L’APPROCCIO INTERPROFESSIONALE IN SANITÁ: RAZIONALE ED EVIDENZE

Giorgio Bedogni

Unità di Epidemiologia Clinica, Centro Studi Fegato, Basovizza, Trieste.

Il termine inglese “team” designa un gruppo di individui che lavorano per un obiettivo comune. L’obiettivo di un team clinico è la salute della persona affidata alle sue cure. Nel caso della malattia cronica, questo obiettivo è assai ambizioso. In questo contesto, infatti, la salute non corrisponde a una
restitutio ad integrum ma è un traguardo che muta continuamente in base alle caratteristiche bio-psico-sociali della persona che si ha in cura (1,2).

Il lavoro in team è una caratteristica essenziale della medicina contemporanea. A tale proposito, è interessante osservare che il termine “patient care team” è una parola chiave della banca dati PubMed da circa 40 anni. La crescente importanza del team nella medicina contemporanea è determinata innanzitutto da un limite intrinseco della mente umana. Quando la conoscenza relativa a una branca del sapere è cresciuta in maniera sostanziale, essa non può essere “contenuta” in una singola mente (argomento di Polanyi-Popper) (3,4). Tale conoscenza può essere però “distribuita” su molte menti e utilizzata da molti individui che perseguono un interesse comune. Sebbene la Medicina non possa (e non debba) essere considerata una scienza, ma piuttosto una commistione di arte e scienza (5), l’argomento di Polanyi-Popper è oggi senz’altro applicabile anche alla conoscenza biomedica. L’approccio interprofessionale è caratterizzato dal fatto che “i diversi professionisti imparano l’uno dall’altro a migliorare la collaborazione e la qualità della cura” (6).

Nonostante l’approccio inter-professionale sia ineluttabile in ragione dell’argomento di Polanyi-Popper, la ricerca sull’efficacia di tale approccio sugli outcome di salute è poca e di scarsa qualità (7). La maggioranza degli studi sui determinanti dell’efficacia del team clinico “offre solo ipotesi o teorie sociologiche” (8). In altri termini, questi ipotesi e teorie non sono sottoposte al controllo dei fatti col rischio di essere assunte a dogmi.

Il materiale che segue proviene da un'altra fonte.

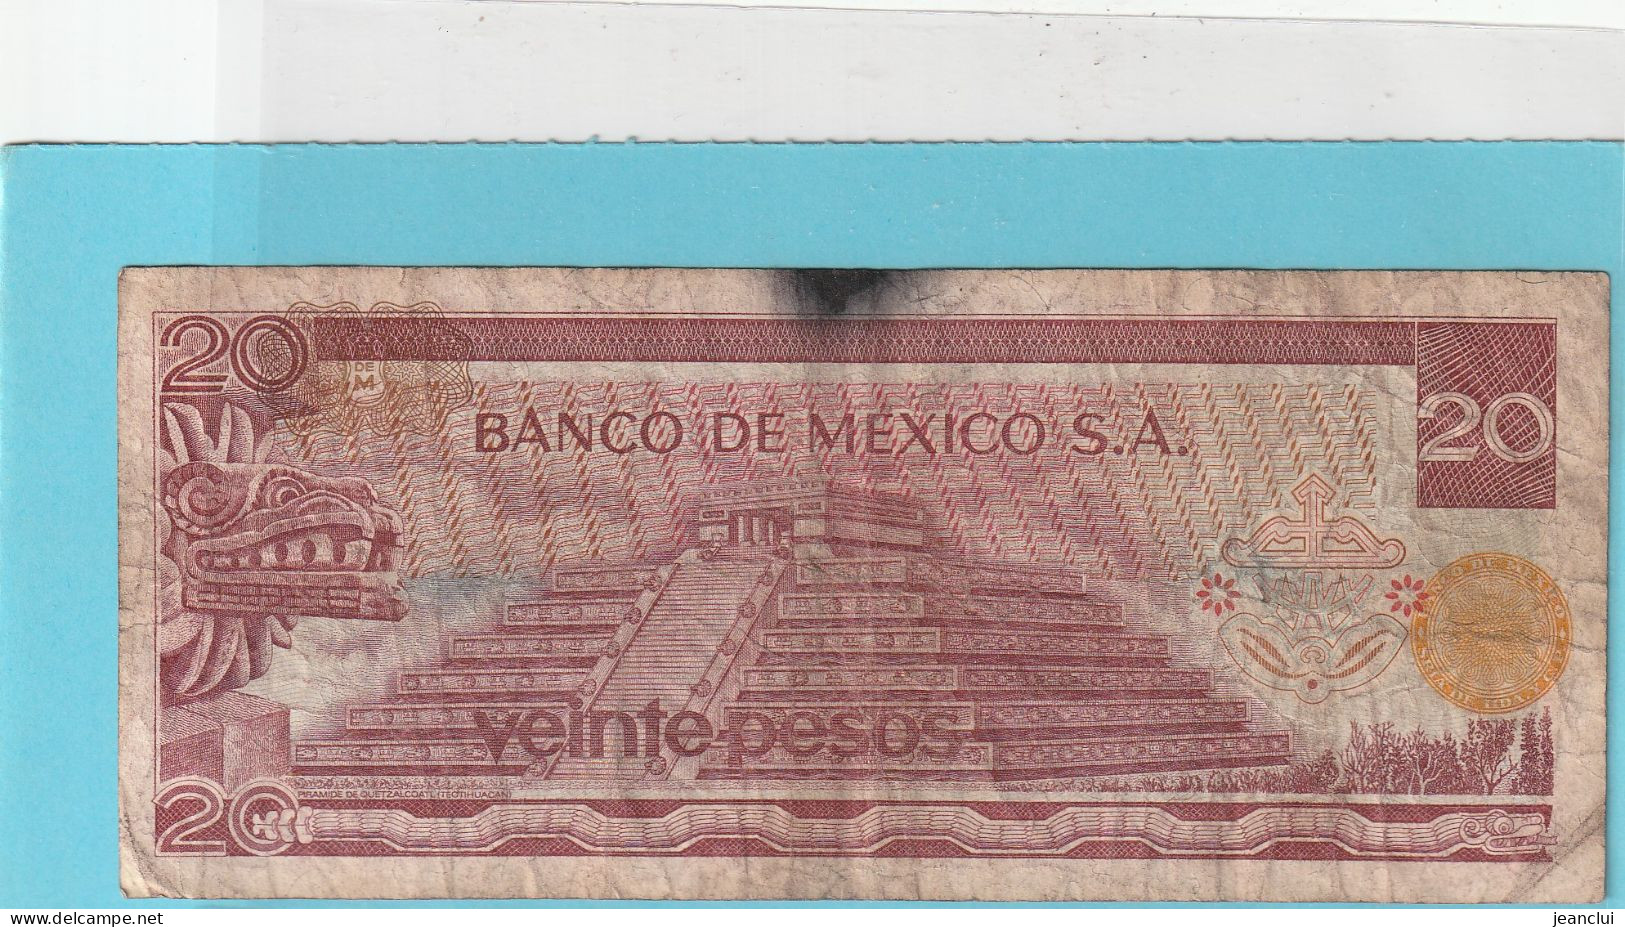 EL BANCO DE MEXICO S.A.   .  20 PESOS  .  18-7-1973  .  N°  L 8388428 .  2 SCANNES  .  BILLET TRES USITE - México

Il lavoro in team presenta una duplice sfida. Non basta infatti che ogni operatore applichi, attraverso il filtro della propria esperienza professionale, la miglior evidenza fornita dalla ricerca alla persona che ha in cura (1), ma è necessario che la sua azione sia coordinata con quella di tutti gli altri membri del team (6). In altre parole, se la conoscenza “distribuita” del team non è applicata in maniera coordinata, essa non può raggiungere l’ambizioso obiettivo della salute del paziente.

1. Straus SE. Evidence-Based medicine: How to practice and teach EBM. New York: Elsevier/Churchill Livingstone; 2005.

2. Haynes RB, Devereaux PJ, Guyatt GH. Clinical expertise in the era of evidence-based medicine and patient choice. ACP J Club 2002;38(7):36-8.

3. Popper KR. Miseria dello storicismo. Milano: Feltrinelli; 1984.

4. Polanyi M. La conoscenza personale. Milano: Rusconi; 1990.

5. Cosmacini G. La medicina non è una scienza. Milano: Raffaello Cortina; 2008.

6. Clark PG. A typology of interdisciplinary education in gerontology and geriatrics: Are we really doing what we say we are? J Interprof Care 1993;7(3):217 - 228.

7. Reeves S, Zwarenstein M, Goldman J, Barr H, Freeth D, Hammick M, Koppel I. Interprofessional education: Effects on professional practice and health care outcomes. Cochrane Database Syst Rev 2008(1):CD002213.

8. Zwarenstein M, Reeves S. What's so great about collaboration? BMJ 2000, Apr 15;320(7241):1022-3.